Instructions for the task
Leave out the pictures and copy each record below exactly.

Records for the exercise
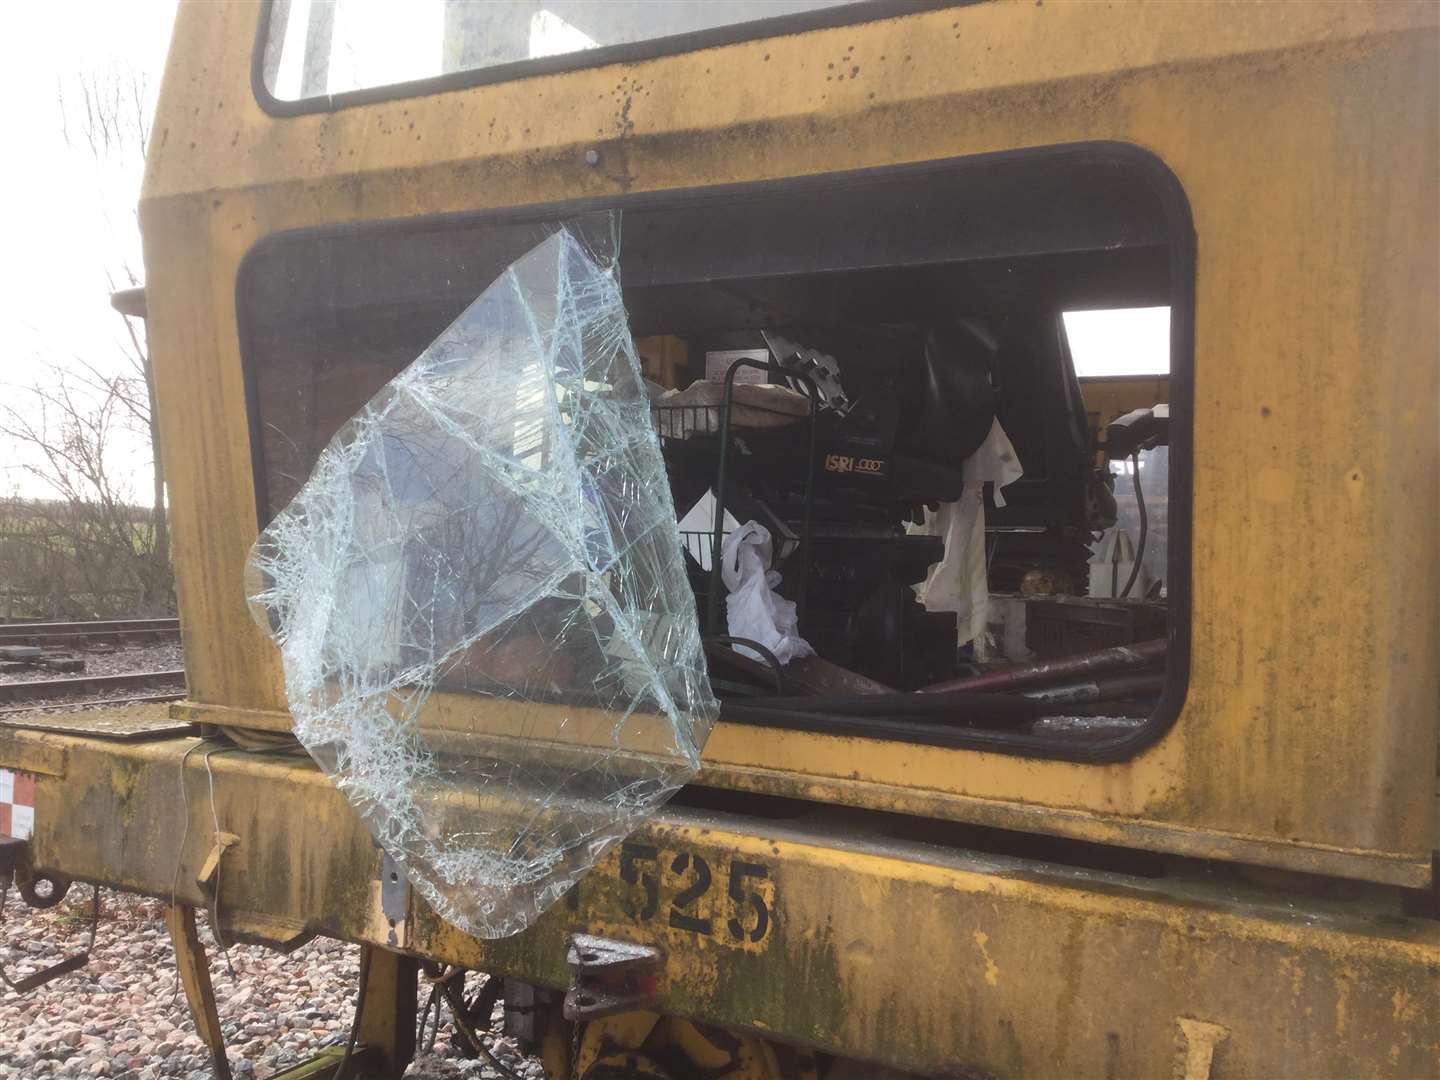 Damage to the tamping machine where glass covered by plastic was smashed to gain entry to the cab above
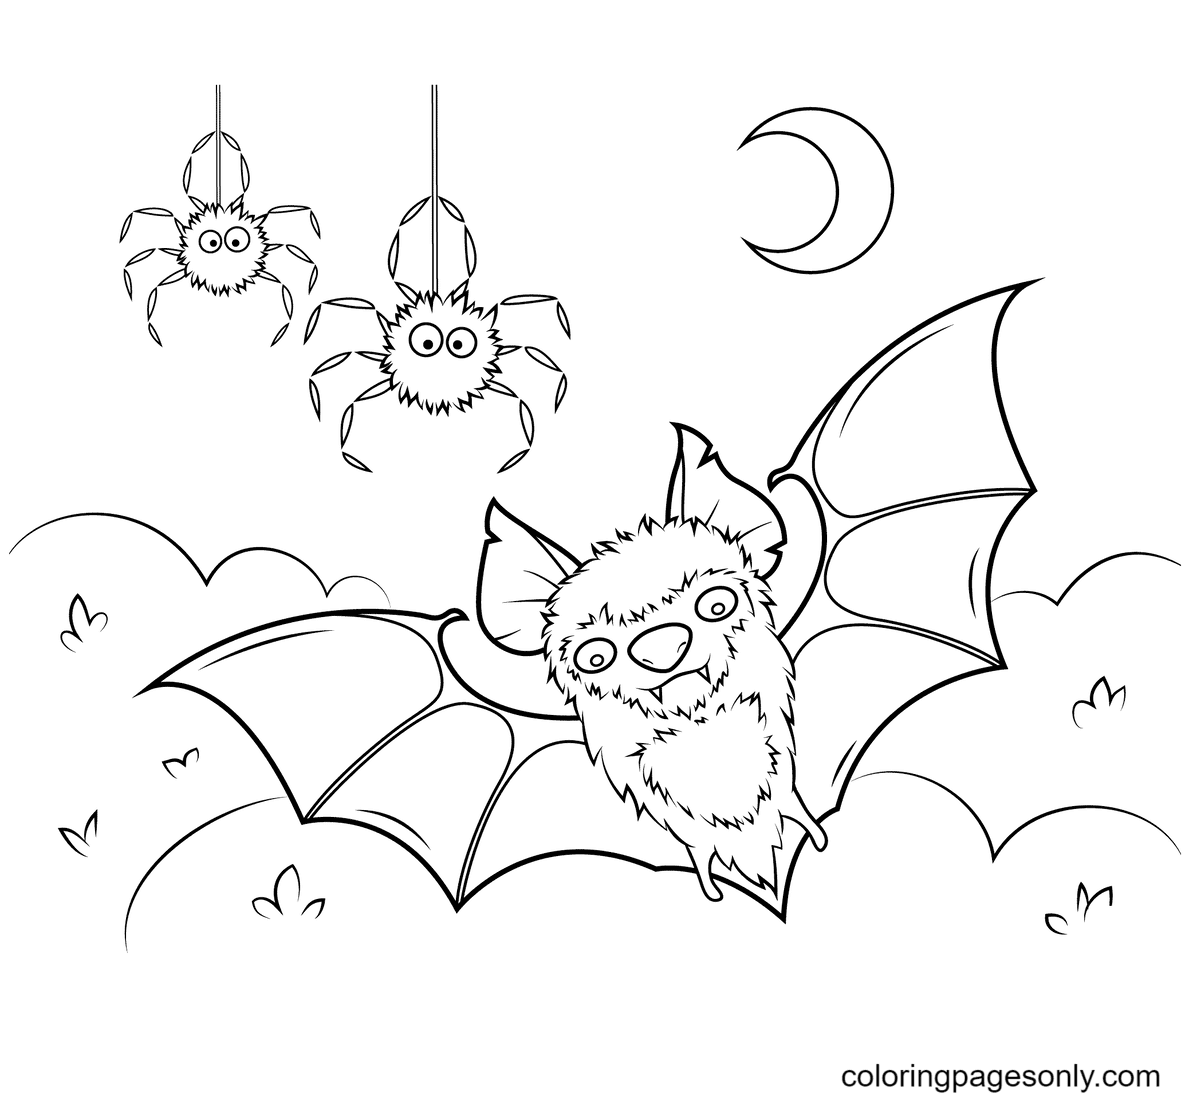 Bat and Spiders Coloring Page
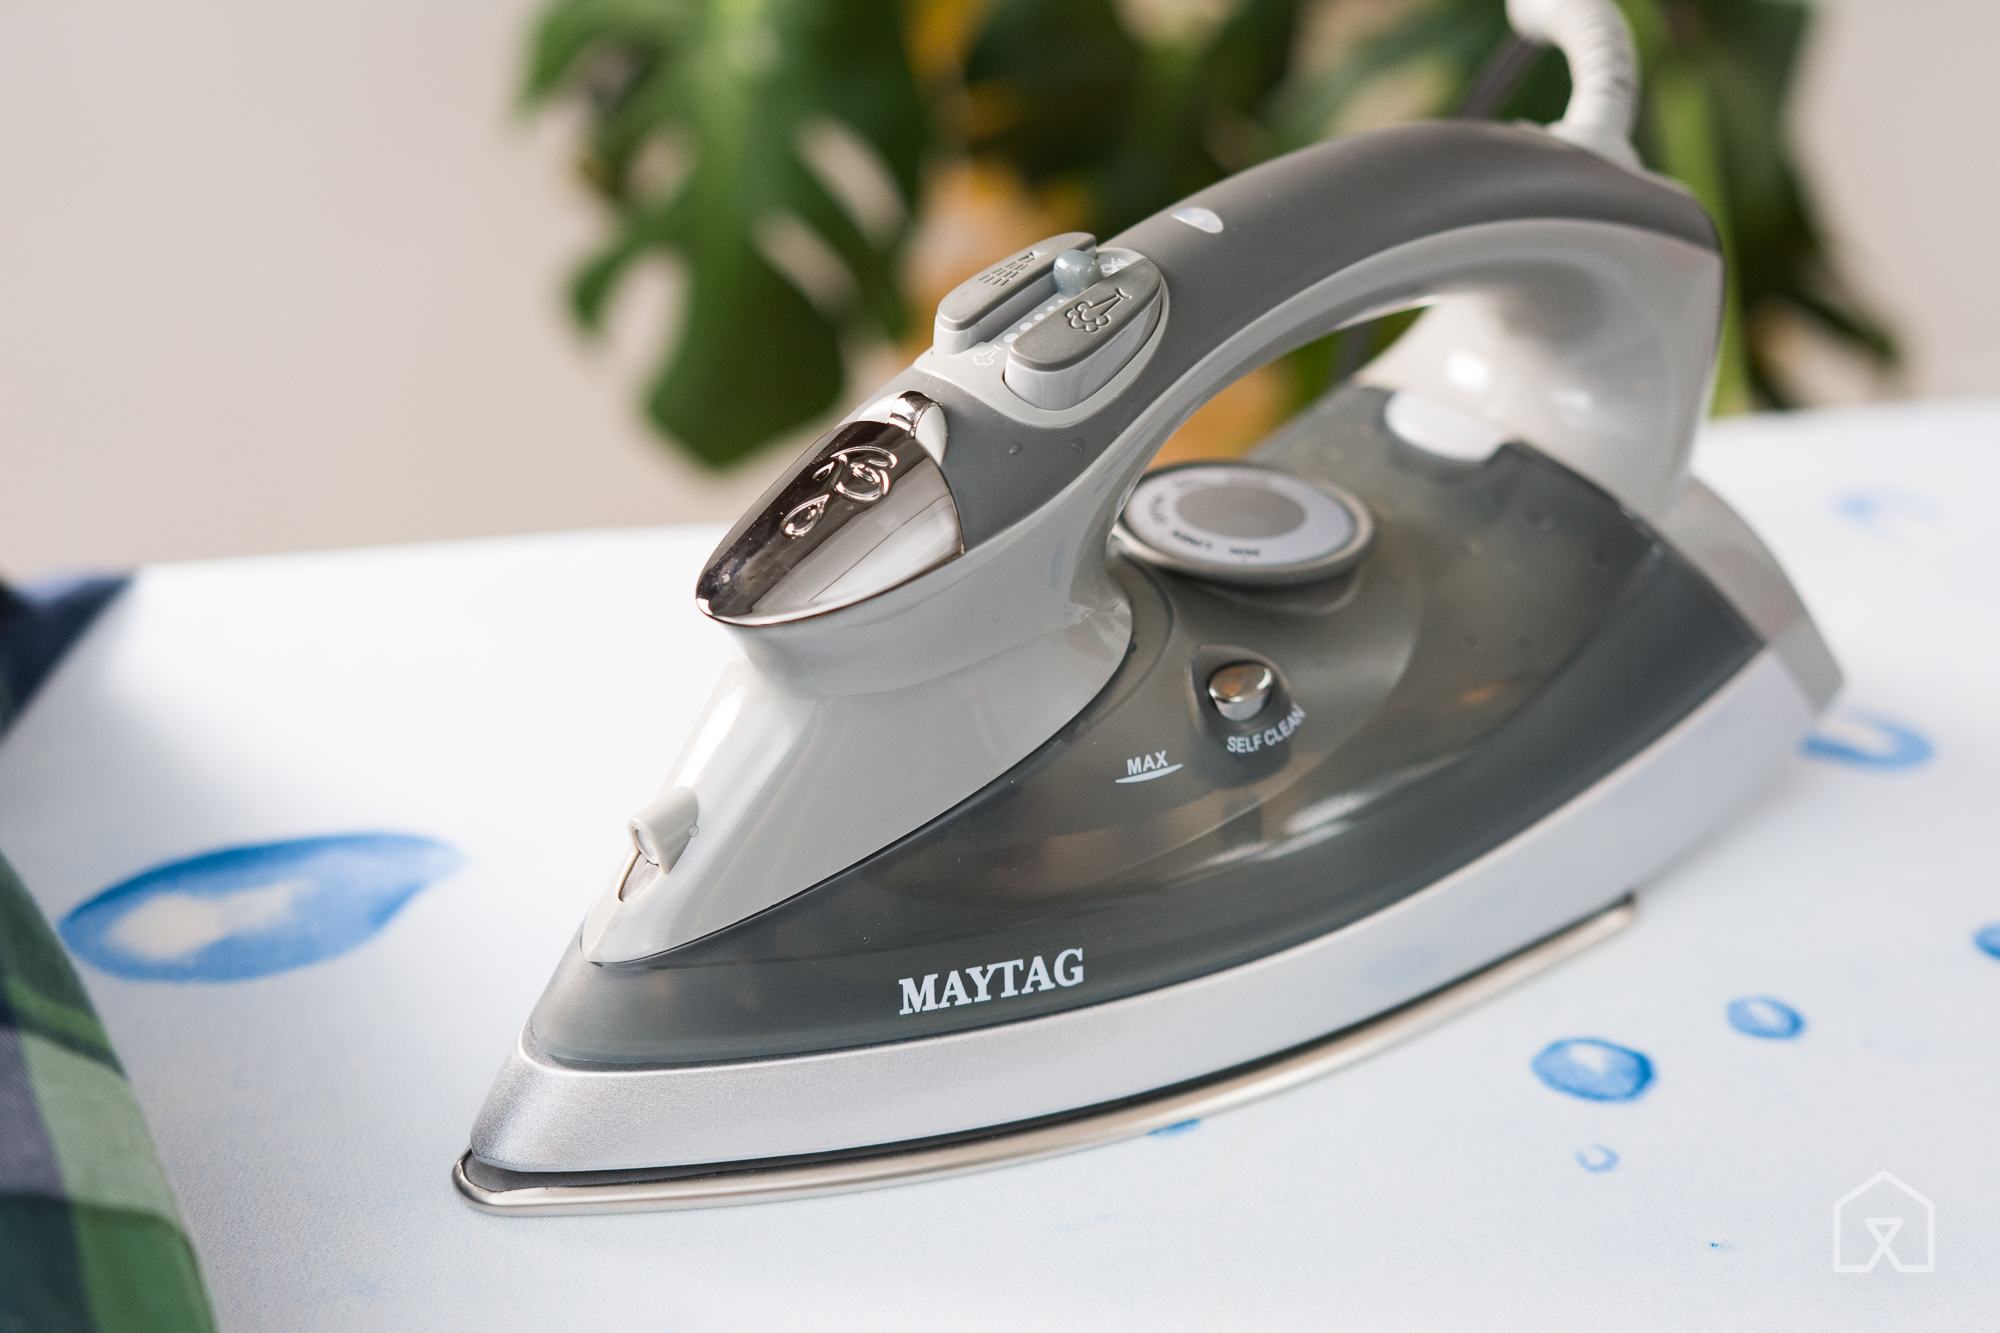 best rated clothes iron
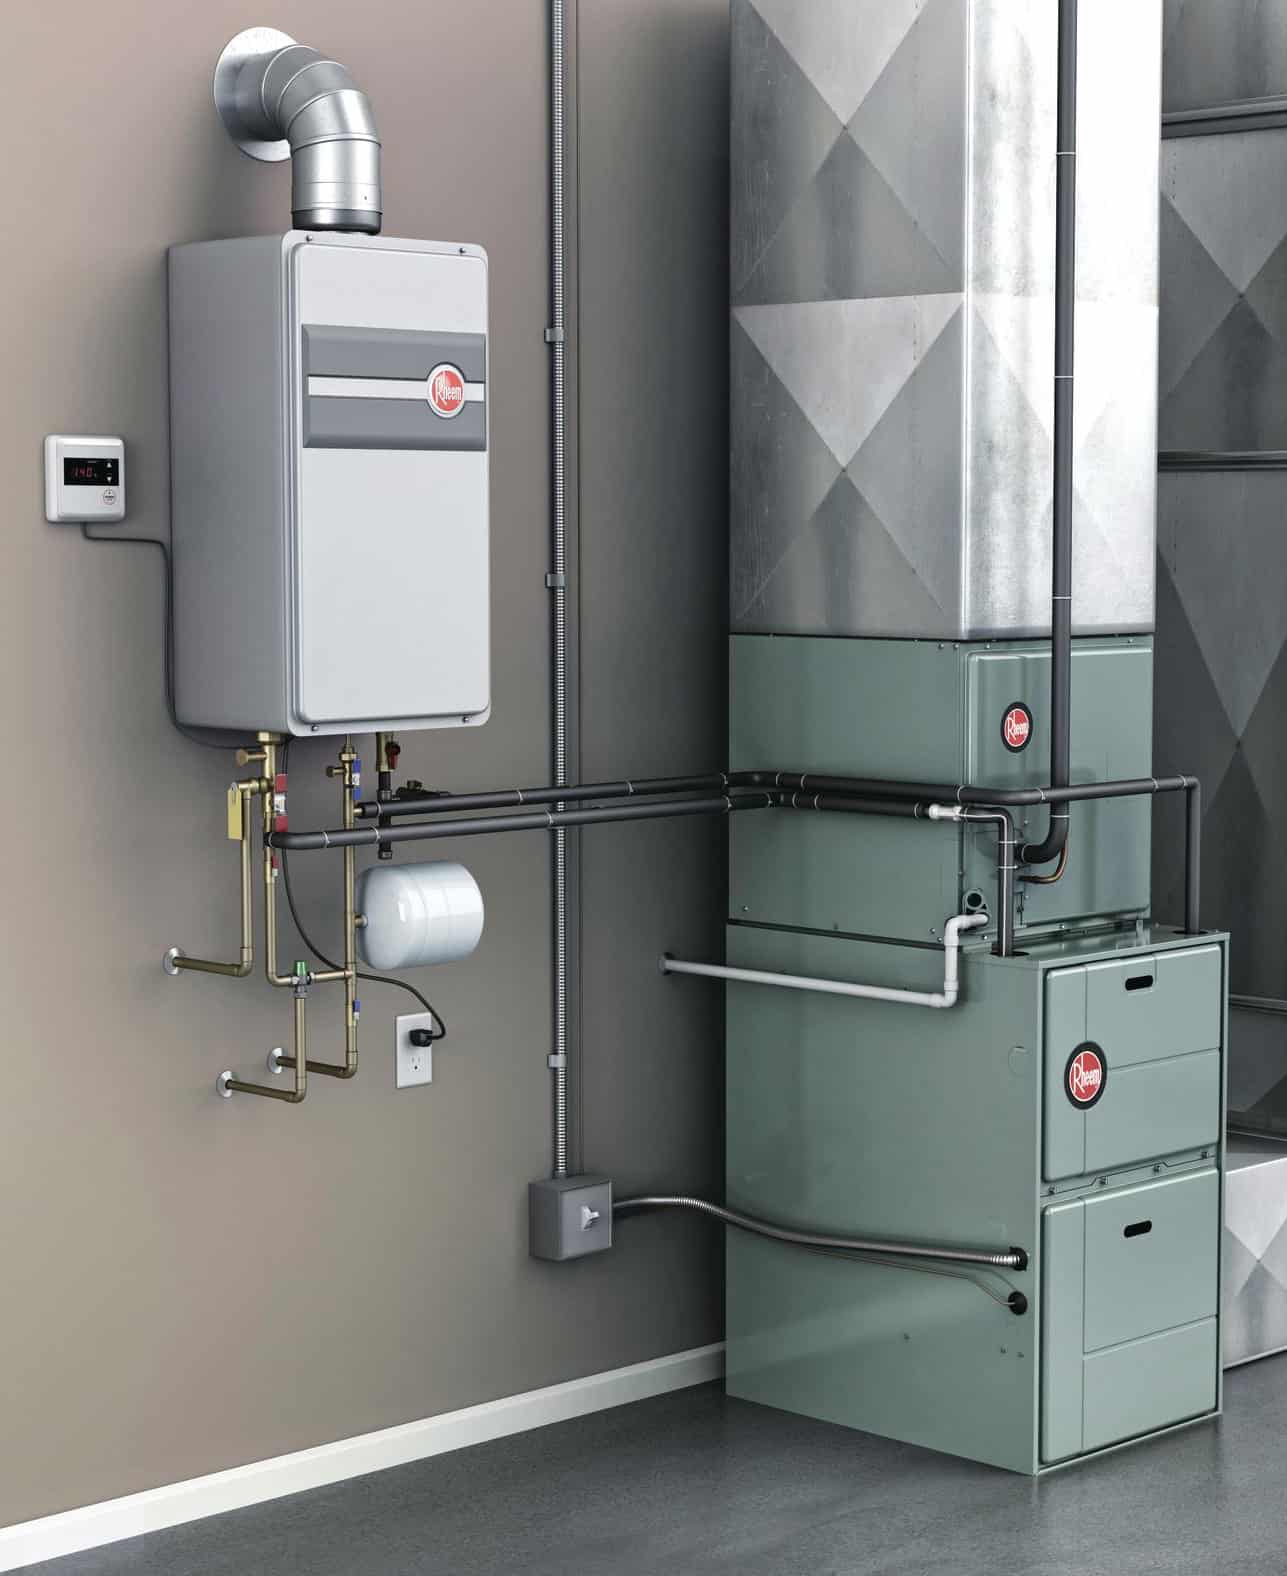 Rheem Tankless Water Heater Review | Home Buying Checklist
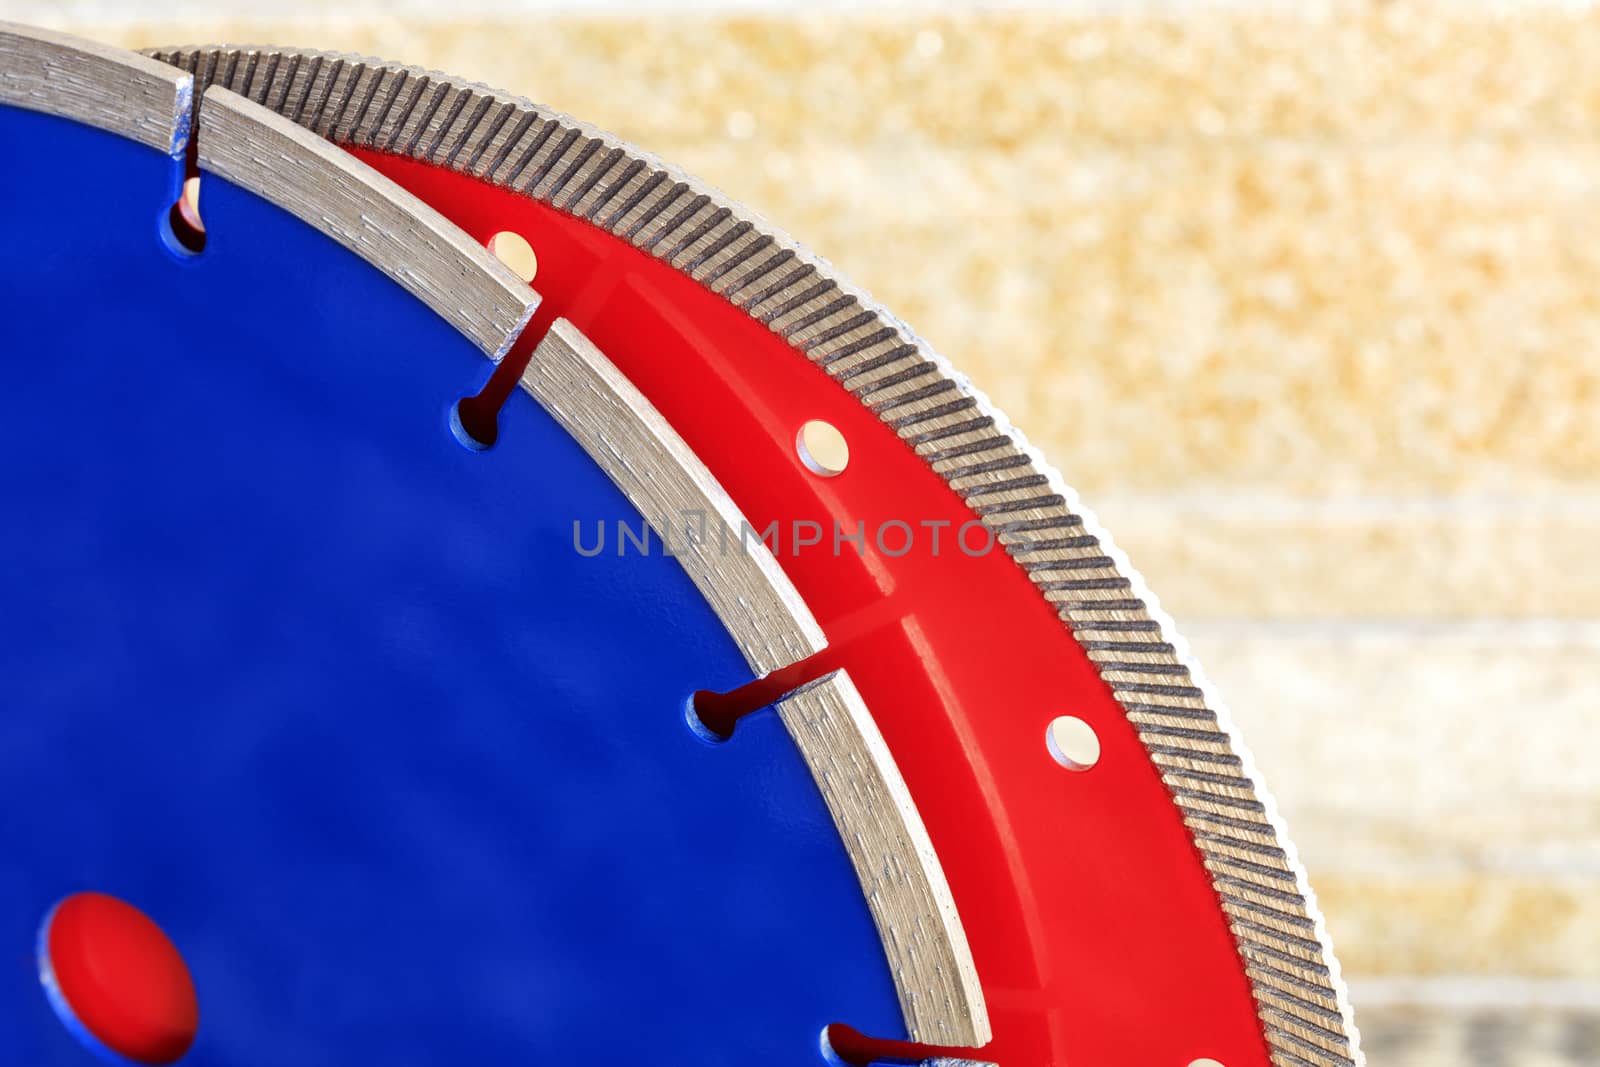 Red diamond circle for granite and stone, blue for concrete, reinforced concrete against a background of orange-gold sandstone wall.

Answer to the exercise
 Damage to the tamping machine where glass covered by plastic was smashed to gain entry to the cab above
 Bat and Spiders Coloring Page
 best rated clothes iron
 Rheem Tankless Water Heater Review | Home Buying Checklist
 Red diamond circle for granite and stone, blue for concrete, reinforced concrete against a background of orange-gold sandstone wall.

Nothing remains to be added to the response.